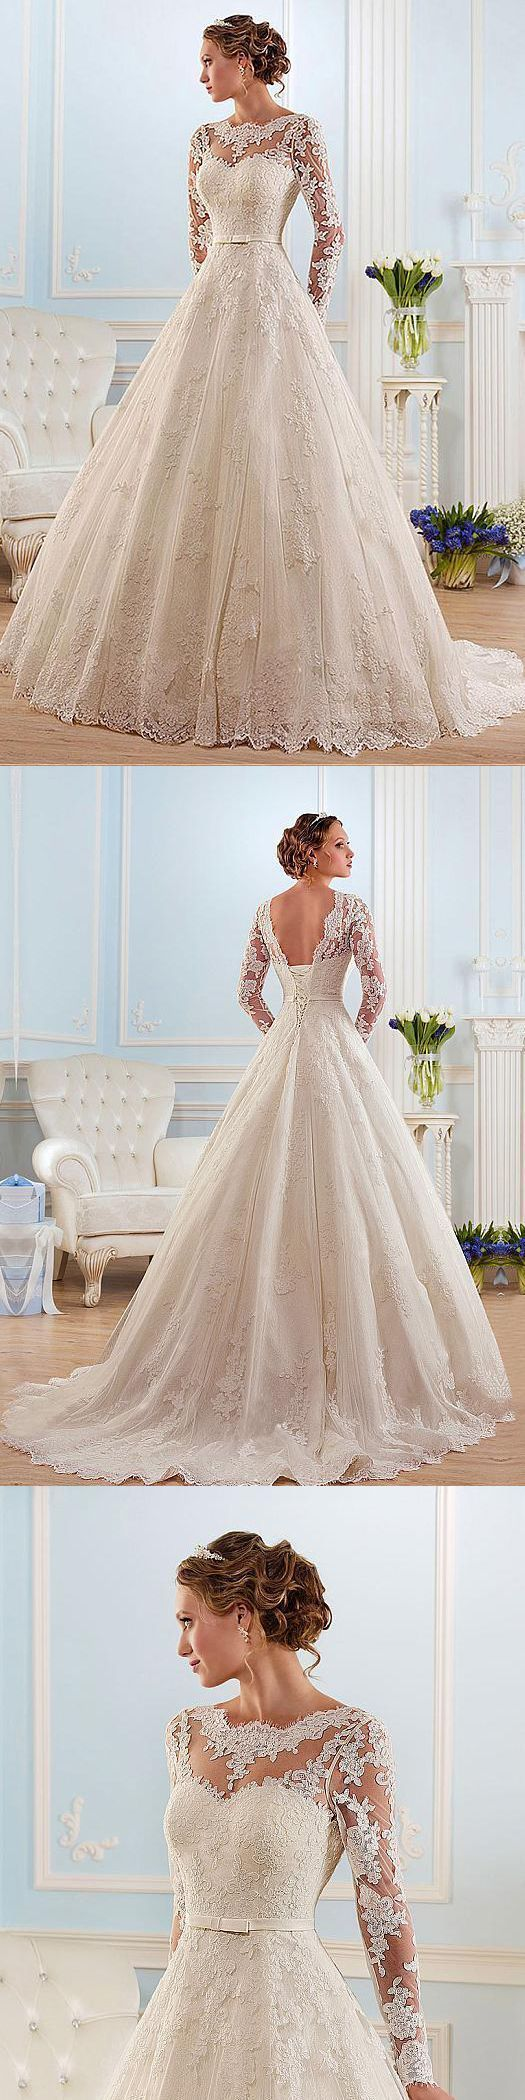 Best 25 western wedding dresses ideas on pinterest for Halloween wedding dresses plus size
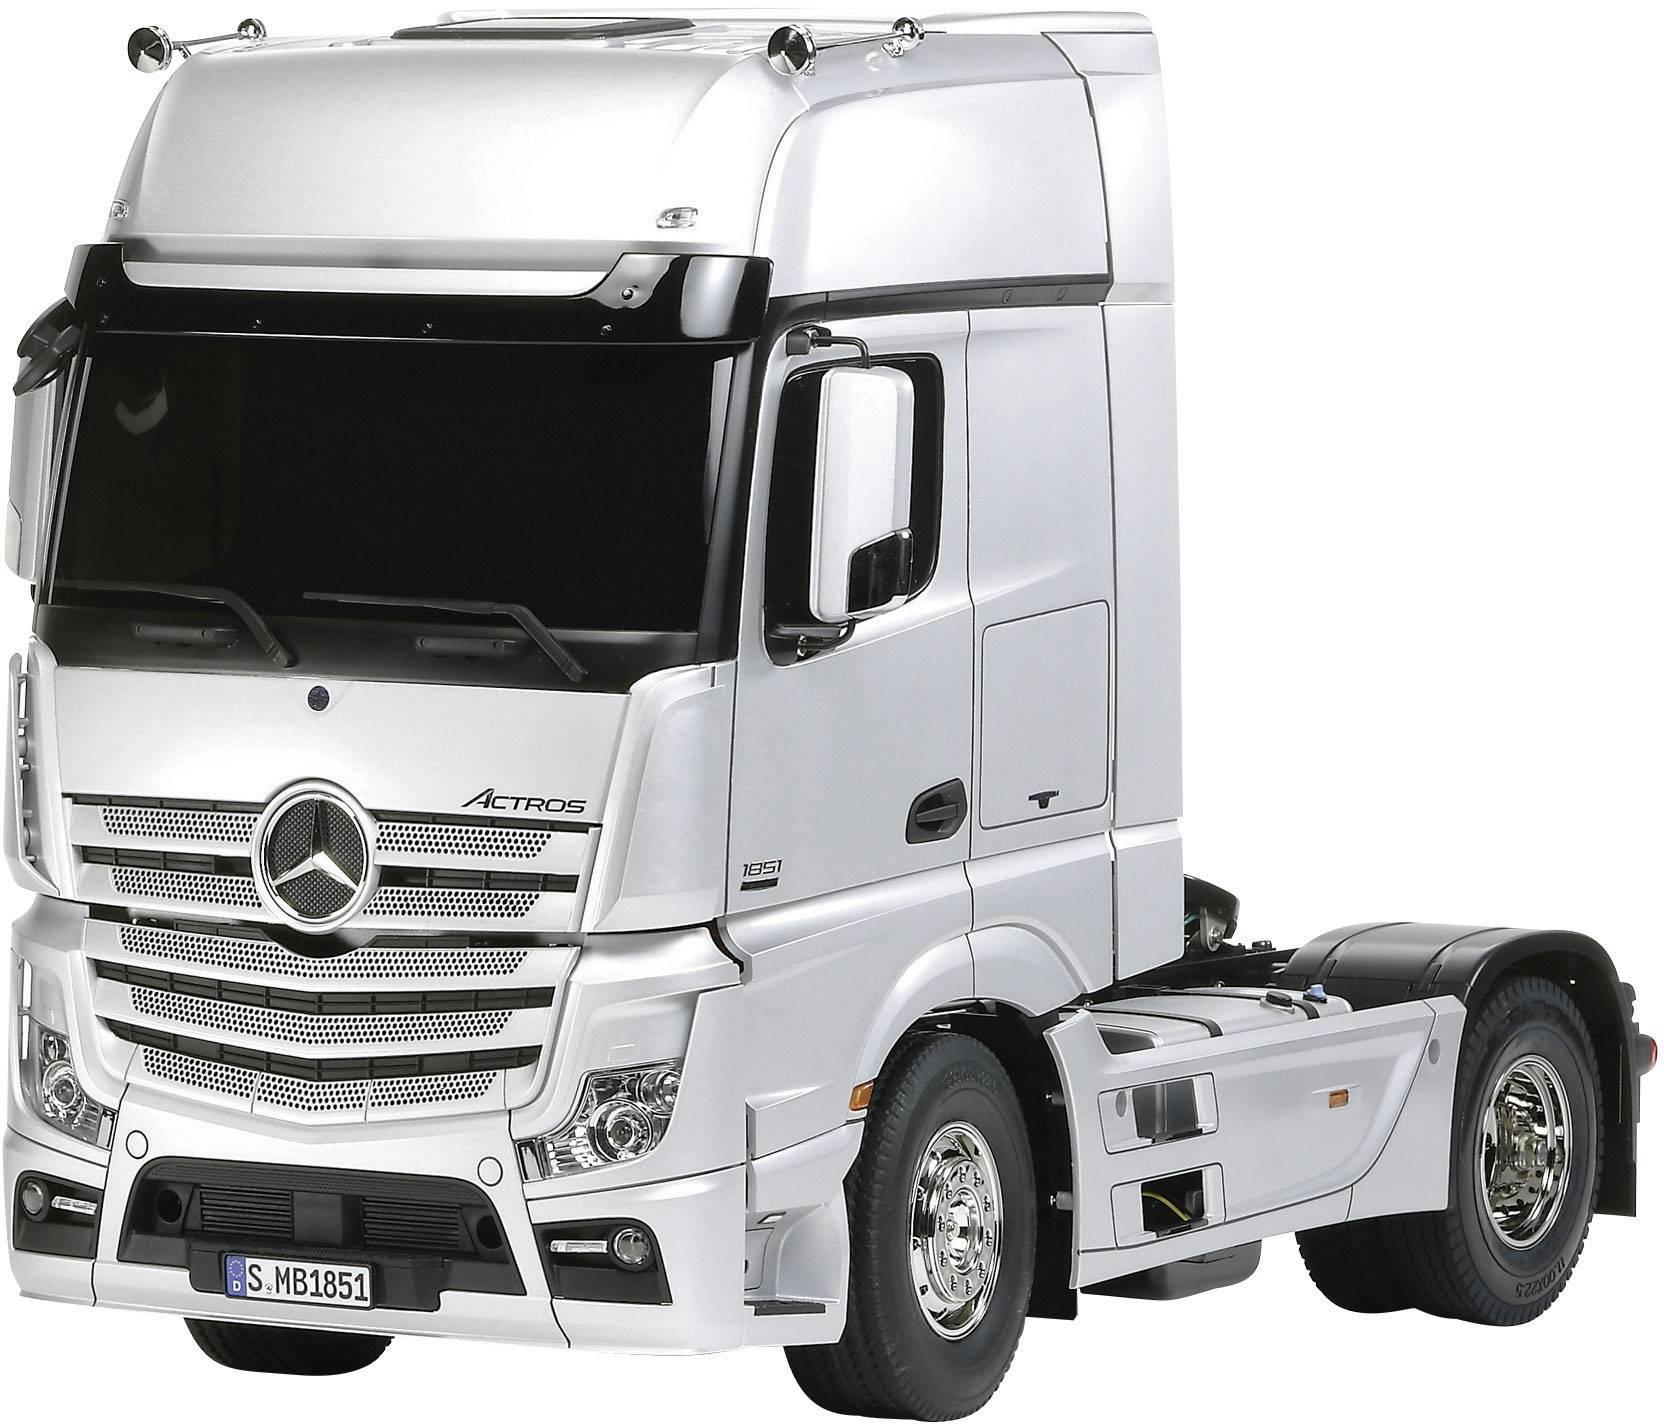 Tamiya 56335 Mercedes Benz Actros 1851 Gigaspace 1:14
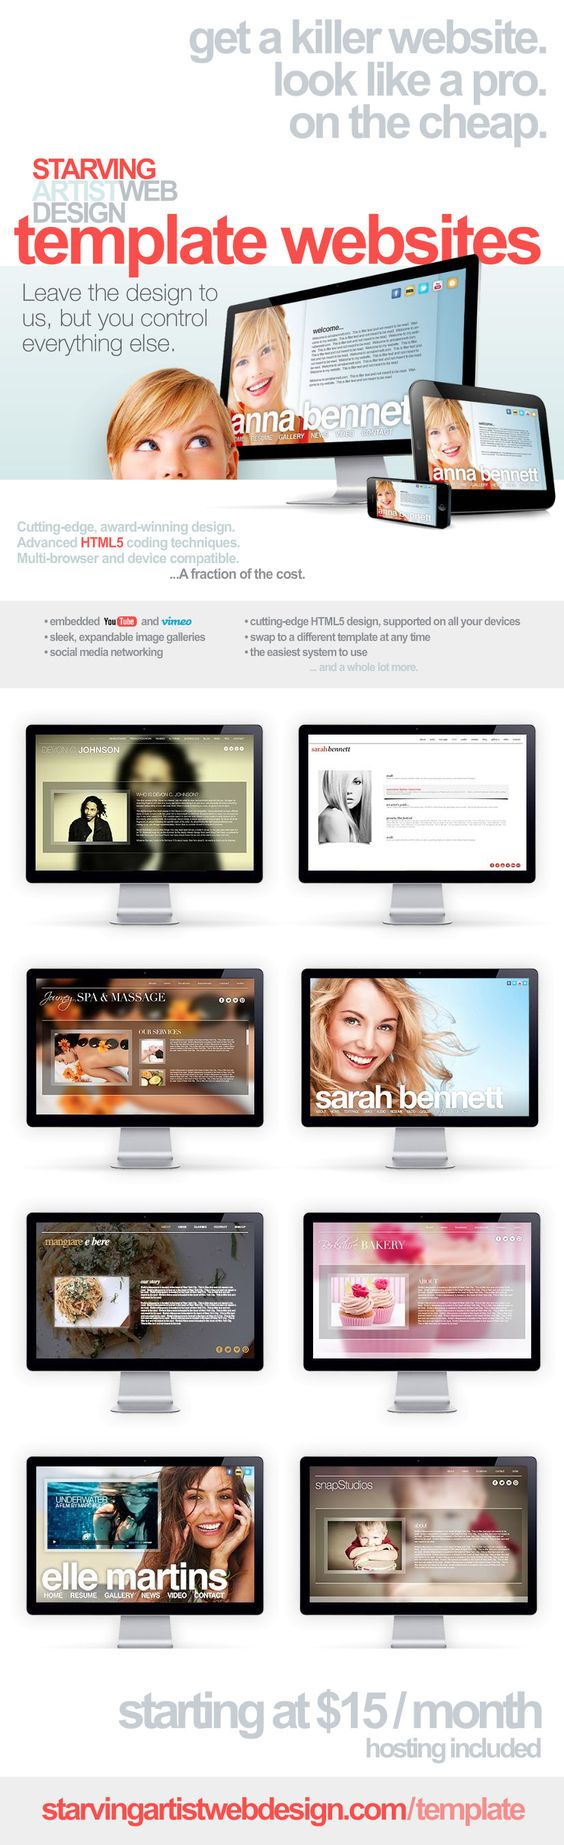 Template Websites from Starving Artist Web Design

EXERCISE AIM:
When you restate the listing, keep every word as it is and drop the pictures.

SOLVED PROBLEM:
 Best 25 western wedding dresses ideas on pinterest for Halloween wedding dresses plus size
 Tamiya 56335 Mercedes Benz Actros 1851 Gigaspace 1:14
 Template Websites from Starving Artist Web Design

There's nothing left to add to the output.